The complete listing goes into the output exactly, without its pictures.

PROVIDED DATA:
%%
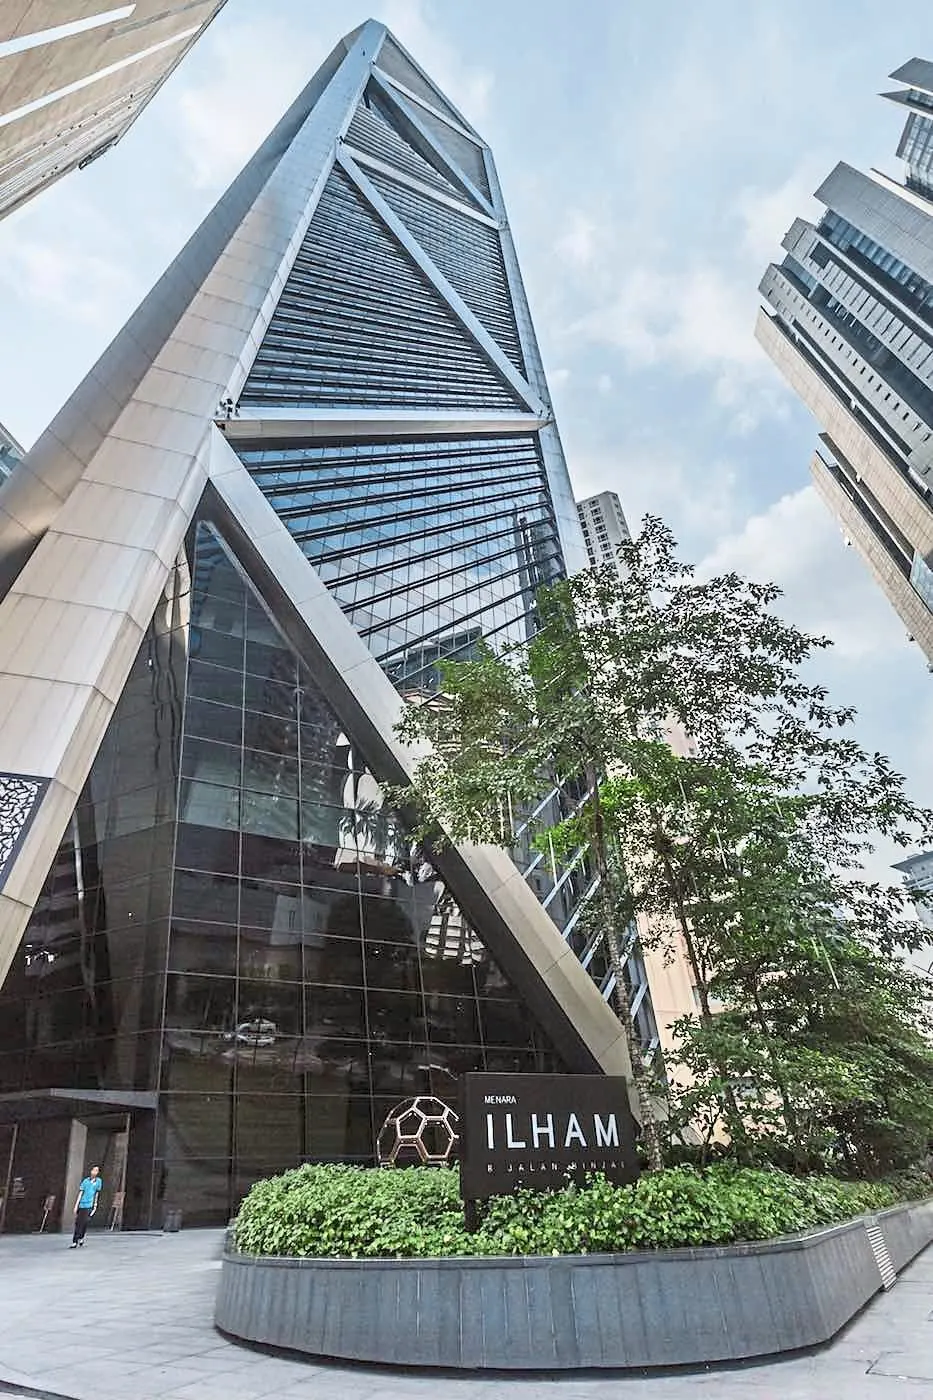 Ilham Gallery occupies two levels at Menara Ilham in KL. Photo: Ilham Gallery
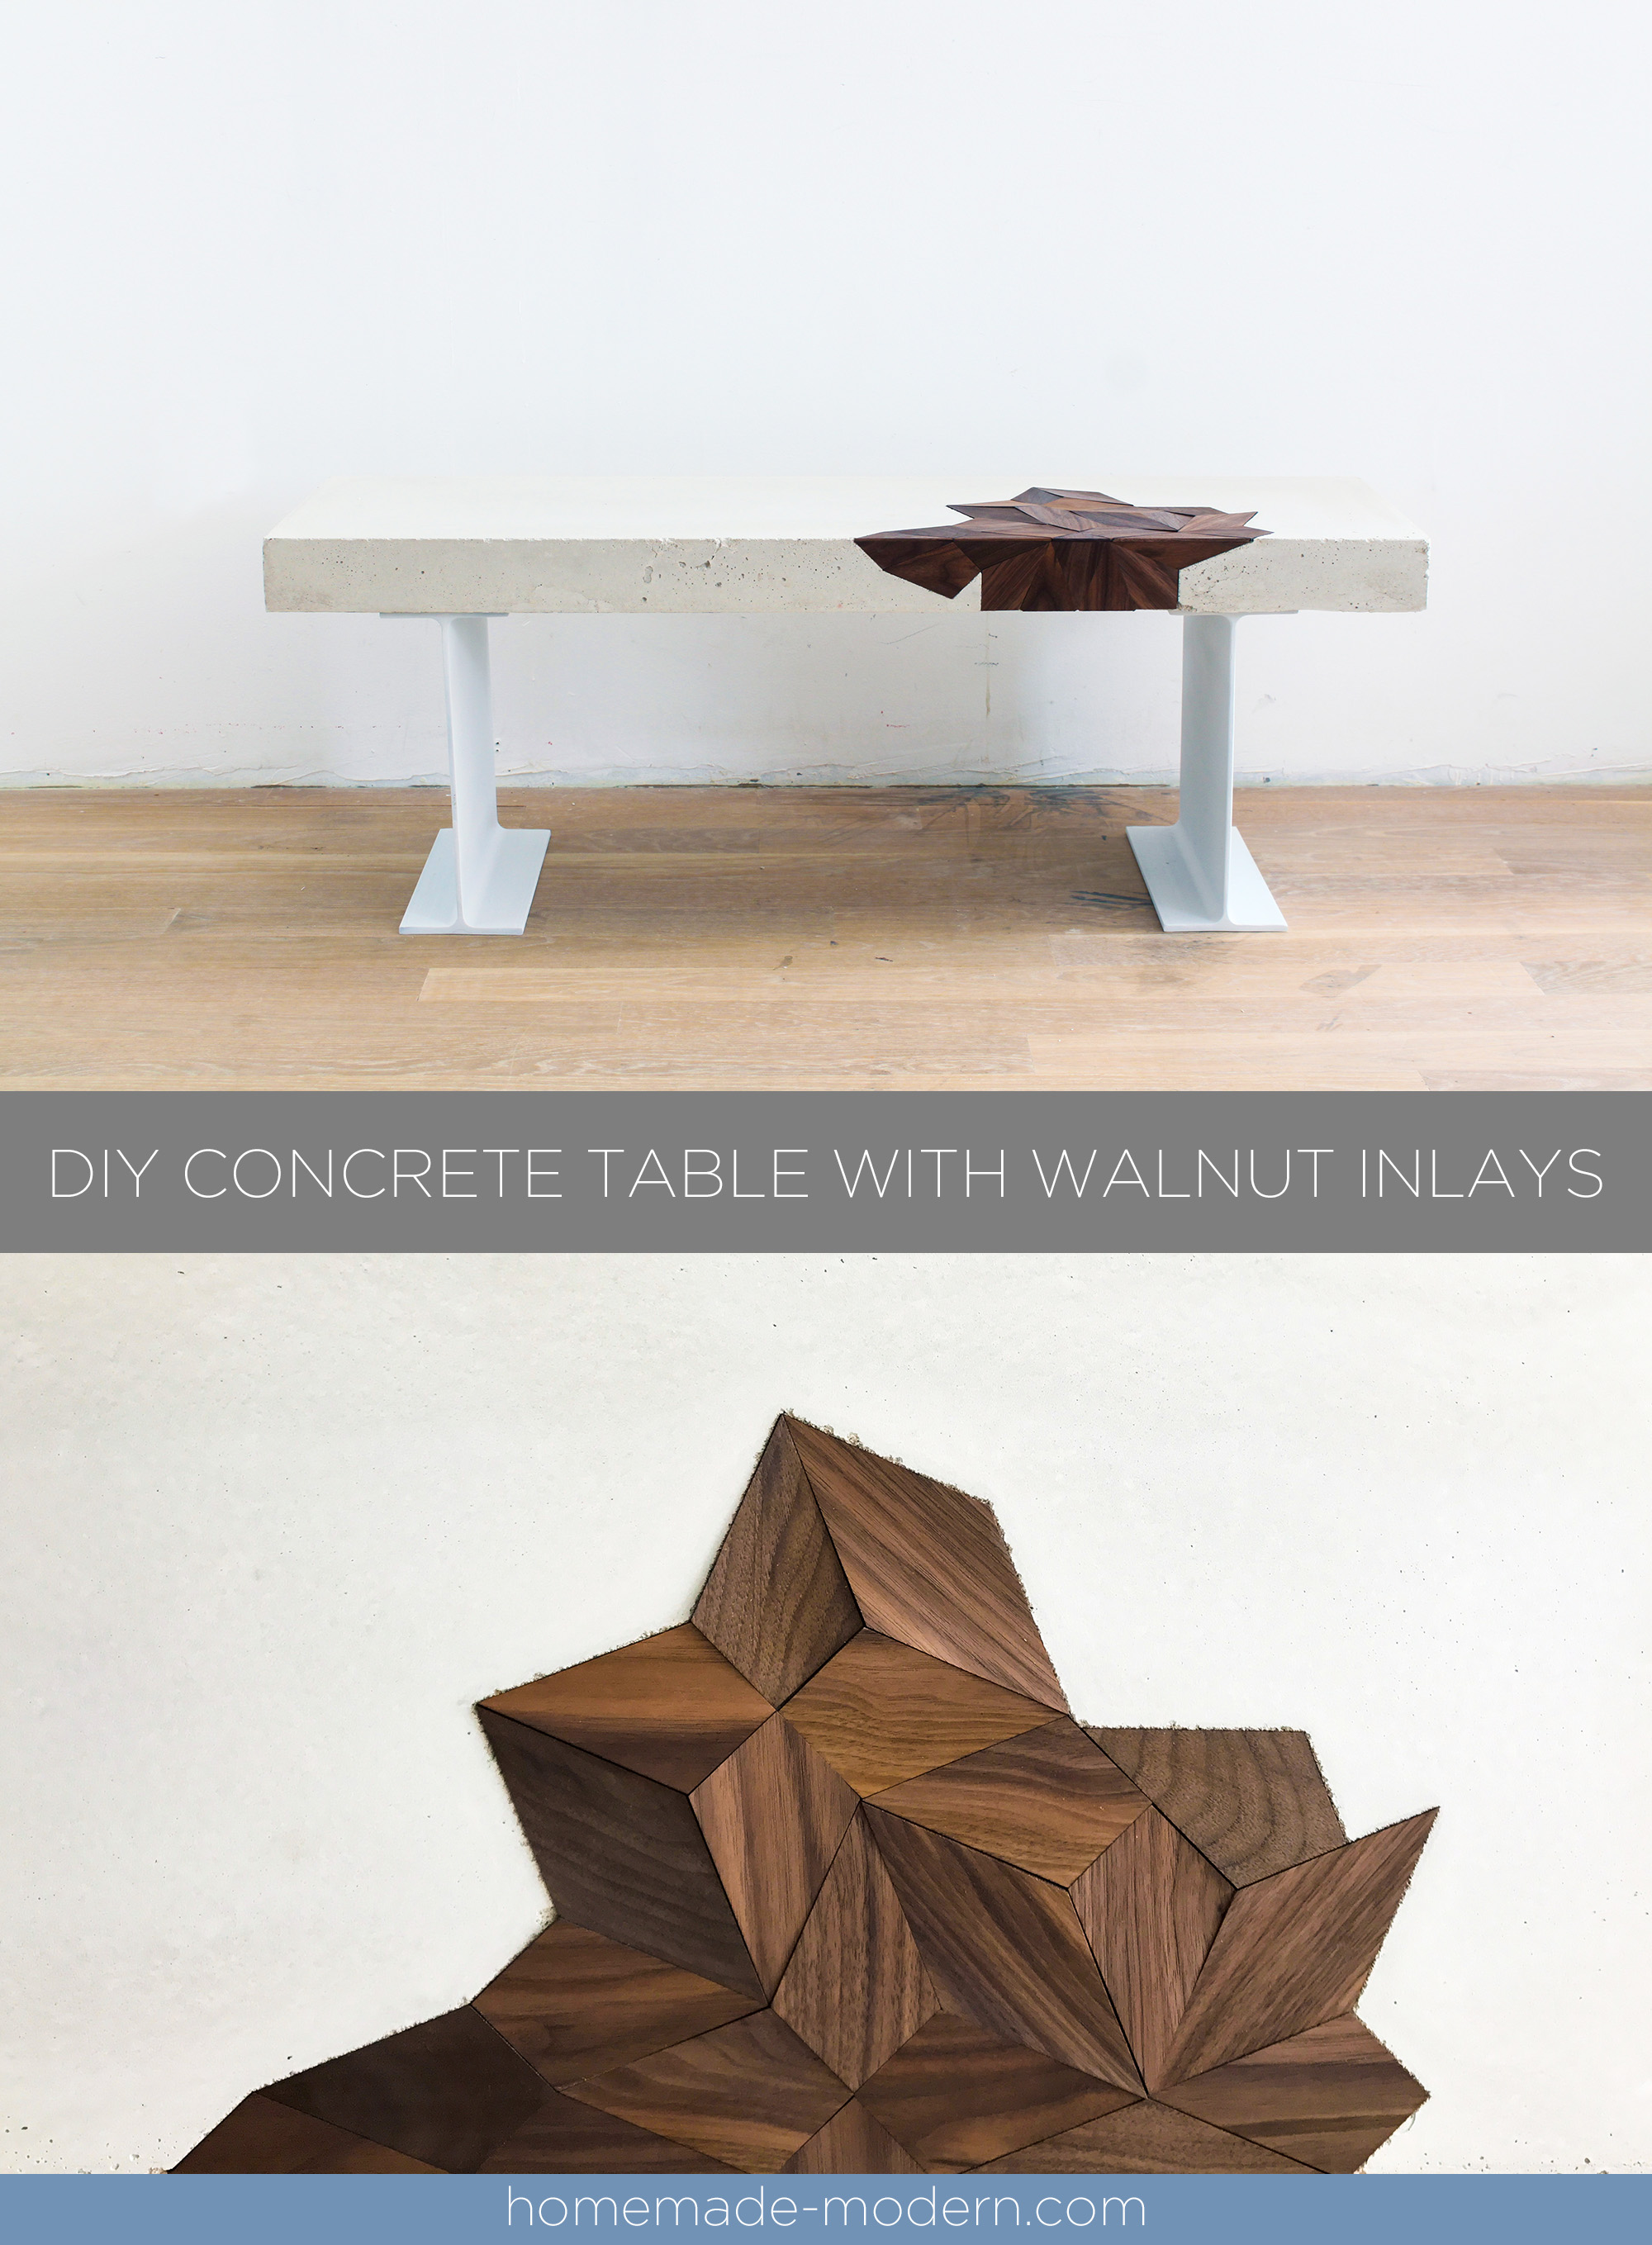 This white concrete table has a laser cut walnut inlay and was designed by Ben Uyeda. For more information go to HomeMade-Modern.com
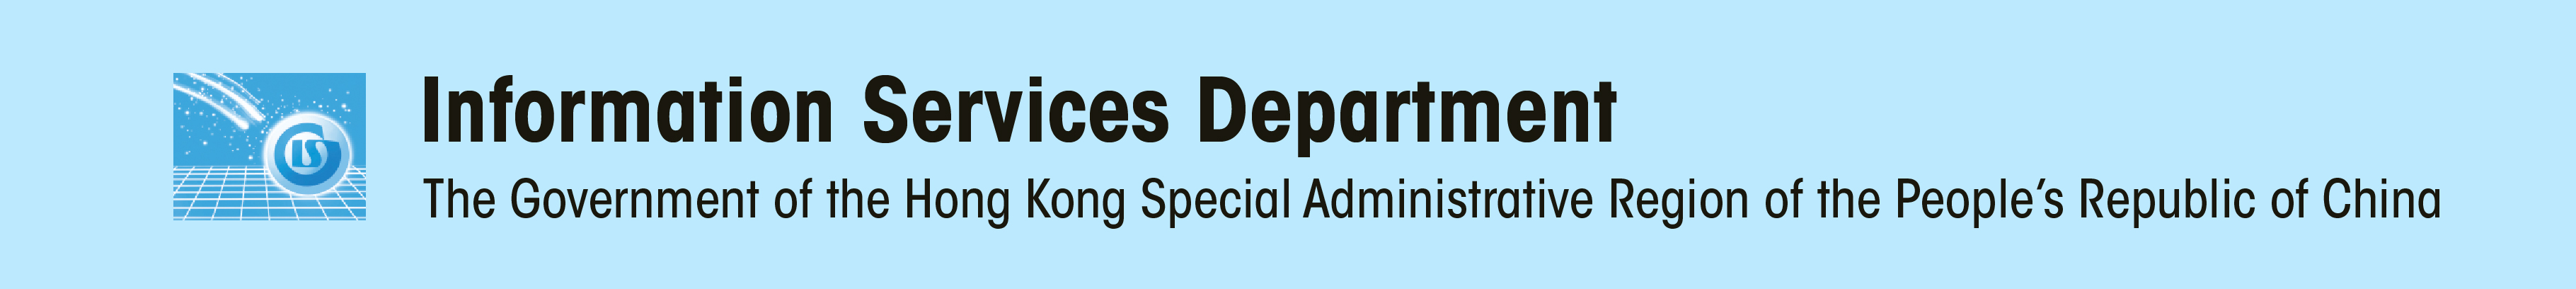 Information Services Department
%%
ANSWER:
 Ilham Gallery occupies two levels at Menara Ilham in KL. Photo: Ilham Gallery
 This white concrete table has a laser cut walnut inlay and was designed by Ben Uyeda. For more information go to HomeMade-Modern.com
 Information Services Department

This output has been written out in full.